2. Irfani sebagai Pilihan Lebih Baik
Pendekatan irfani dalam hukum diterapkan dengan memilih pendapat yang lebih maslahat dan lebih baik. Pemahaman demikian dikemukakan oleh Wawan Gunawan. Poligami, contohnya, hukumnya boleh, tetapi lebih baik beristri satu, utamanya jika tidak bisa berlaku adil. Hukum qishash bisa dilakukan dengan membalas bunuh, tapi memaafkan itu lebih baik. Dalam ibadah, pendekatan irfani diwujudkan dengan melakukan ibadah yang jelas dasarnya dan lebih utama.

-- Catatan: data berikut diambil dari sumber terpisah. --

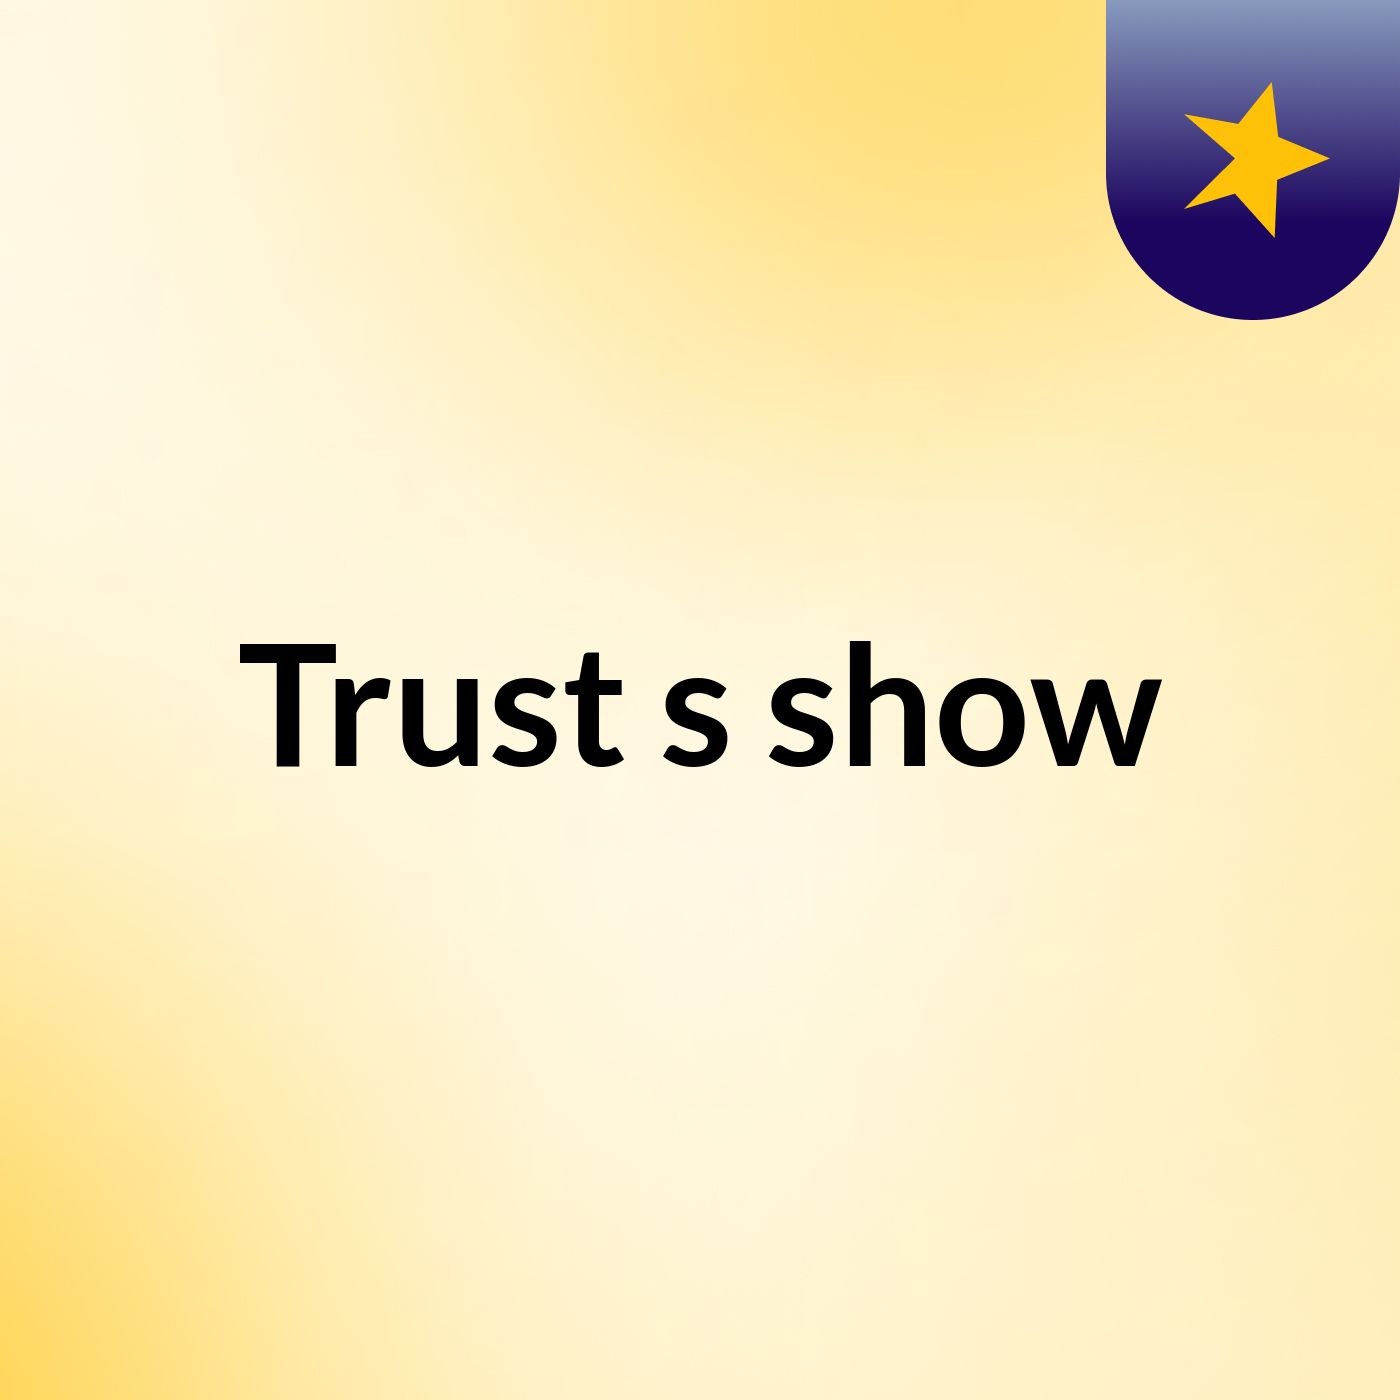 Trust's show

3. Irfani sebagai Zuhd dan Wara’
Pemaknaan irfani dengan zuhud dan wara’ dikemukakan oleh Suparman Syukur. Ia memberikan batasan bahwa zuhud dan wara itu merupakan pengejawantahan ajaran Islam yang berlandas rukun iman dan rukun Islam.
Zuhud memiliki pengertian tidak terikatnya hati dengan harta benda secara berlebihan. Kemudian zuhud bisa dalam bentuk amalan dengan tanpa terikat dengan hasil, perkataan tanpa ketamakan, dan kemulyaan tanpa kekuasaan. Zuhud dimaksudkan pada hal-hal yang dilarang.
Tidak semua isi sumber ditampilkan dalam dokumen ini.